You don't know that, that was not a necessary evil to block a buyout, along with the a/s.... I don't know either..
But what I do know is this.. they are personally buying shares.. Not selling them. So until they start selling of those ridiculous bonus shares you are talking about I won't get worried.. Plus we'll know about it since they would have to file with the SEC..
I am completely confident with these guys. The fact is you don't put out your strategic game plan for the competitors to see..
If they did in fact bonus themselves the shares, and increase the A/S to block a buyout.. you don't make that public knowledge..If they public opinion on this strategic move is GREED and CROOKS then by all means let that run as much as possible.. smoke and mirrors but in a good way for us.. long term..
They have not started selling their bonus shares. They have stopped diluting the O/S, and started buying back They have started buying open market stock personally. They have expanded exponentially, and INTERNATIONALLY!! They have increased revenues 400% YoY.. They have backorder<<this equals DEMAND! They have new contracts. They are releasing their compensation agreements to allow a third party to correct them. They are implementing a Code of Ethics. as per this PR http://www.prnewswire.com/news-releases/musclepharm-provides-update-on-corporate-initiatives-147894385.html
You might think, whatever these guys are crooks what could a "code of ethics" possibly do.. well look at the wording..

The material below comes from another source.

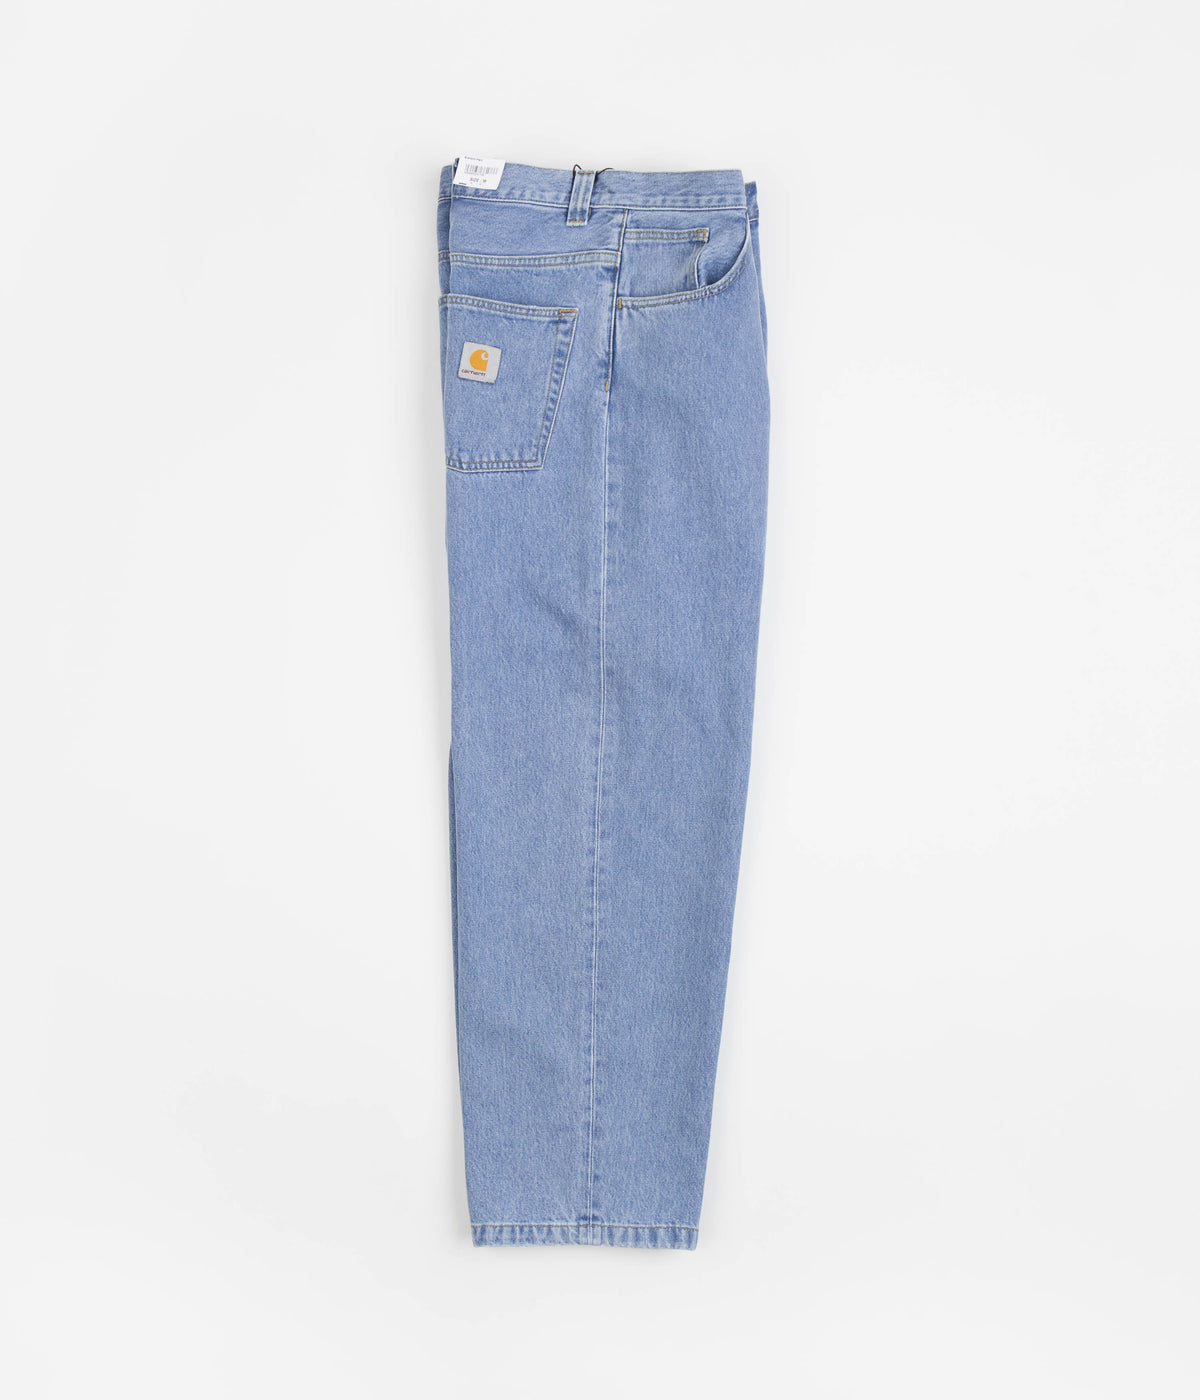 Carhartt womens pants original - Gem

Corporate Governance guidelines and a Code of Ethics were adopted
First let me say that I previously cited http://www.nasdaq.com/about/nasdaq_listing_req_fees.pdf and to read page 1, when in fact we would not fall under "Global Market" I believe we would fall under "Capital Market" which as stated on http://www.nasdaq.net/PublicPages/ListingStandards.aspx you will see that this refers to the SmallCap sector, and would be an easier fit. Capital Market requirements are on page 12 of the previous PDF link...
If you go the 5600's section you will find the section "5610 Code of Conduct" . If you will be so kind as to read the first 2 sentences in this section then you will see why they chose the previously quoted words of "Corporate Governance guidelines and Code of Ethics". This Code of Ethics the company is adopting, will most likely be a mirror image of the Sarbanes-Oxley Act, Code of Ethics outlined in section 406c.. here is a link http://www.sec.gov/rules/final/33-8177.htm here is the definition.. incase you don't want to search through it
c. Final Definition of "Code of Ethics"
The final rule defines the term "code of ethics" as written standards that are reasonably designed to deter wrongdoing and to promote:
Honest and ethical conduct, including the ethical handling of actual or apparent conflicts of interest between personal and professional relationships;
Full, fair, accurate, timely, and understandable disclosure in reports and documents that a registrant files with, or submits to, the Commission and in other public communications made by the registrant;
Compliance with applicable governmental laws, rules and regulations;
The prompt internal reporting to an appropriate person or persons identified in the code of violations of the code;45 and
Accountability for adherence to the code.46 We eliminated the component of the definition requiring the code to promote the avoidance of conflicts of interest, including disclosure to an appropriate person or persons identified in the code of any material transaction or relationship that reasonably could be expected to give rise to such a conflict, because the conduct addressed by this component already is addressed by the first prong of the proposed definition, requiring honest and ethical conduct and the ethical handling of actual and apparent conflicts of interest.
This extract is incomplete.